Mount tubes on one of the fifteen cattys you own .


----------



## JonM (Aug 17, 2013)

treefork said:


> Mount tubes on one of the fifteen cattys you own .


 :yeahthat: :wave:


----------



## Snib87 (Feb 19, 2016)

But which tubes do I buy I'm clueless ?


----------



## Vly62 (Feb 21, 2015)

All depends on what you shoot for ammo. I suggest by looking at simpleshot.com, they sell the main varieties of tubes. I also believe they give a description of what size ammo for each tube size.


----------



## Snib87 (Feb 19, 2016)

Cheers vly62 I'll take a look an I shoot 9.5mm steels


----------



## Alfred E.M. (Jul 5, 2014)

*Another option, dankung.com offers dozens of stainless tube shooters, most quite reasonable, shipping included in the price.*

*http://www.dankung.com/Gcontent/luck-rings-microdankung-slingshot_1273*

*http://www.dankung.com/Gcontent/general-stainless-steel-dankung-hunting-slingshot-ii_1233*

*http://www.dankung.com/Gcontent/ergonomic-dancing-slingshot-grooves_1073*


----------



## Samurai Samoht (Apr 6, 2013)

I primarily shoot 9.5mm (3/8") steel as well. Target shooting at 33ft (10m) typically. With tubes I recently have been using* looped* 1632's (Dankung) and *single* 1842's. If you loop the 1842's you also get some decent power for throwing heavier ammo and you could step back to a greater distance. I also find that 1842 and 1745 tubing lasts longer than the 1632.

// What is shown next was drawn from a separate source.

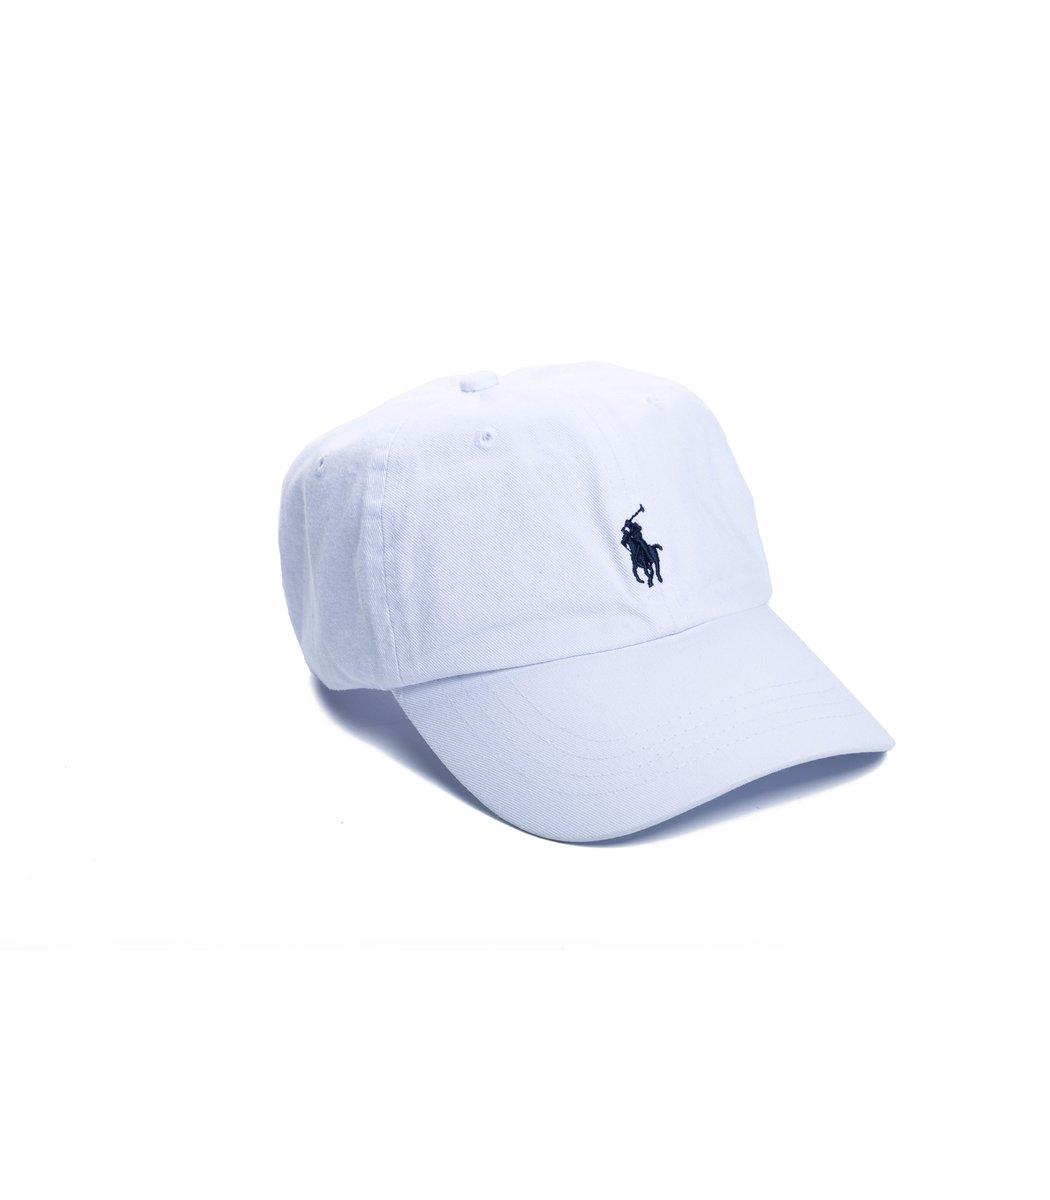 Кепка POLO Ralph Lauren Small logo Белый/черный

At 33ft single 1745's will easily do the job and more, so it's also good for greater distance and heavier ammo. For those reasons I personally see it as an economical choice. But that's just me. 

If the budget can handle it maybe try a couple different kinds from simple-shot.com or find a local distributor. You could also check out the Dankung website for bulk lengths.

Hope that helps a little.

Tom


----------



## NaturalFork (Jan 21, 2010)

I think the small diameter (chinese) tubes outperform the traditional large tubes found on department store slingshots.


----------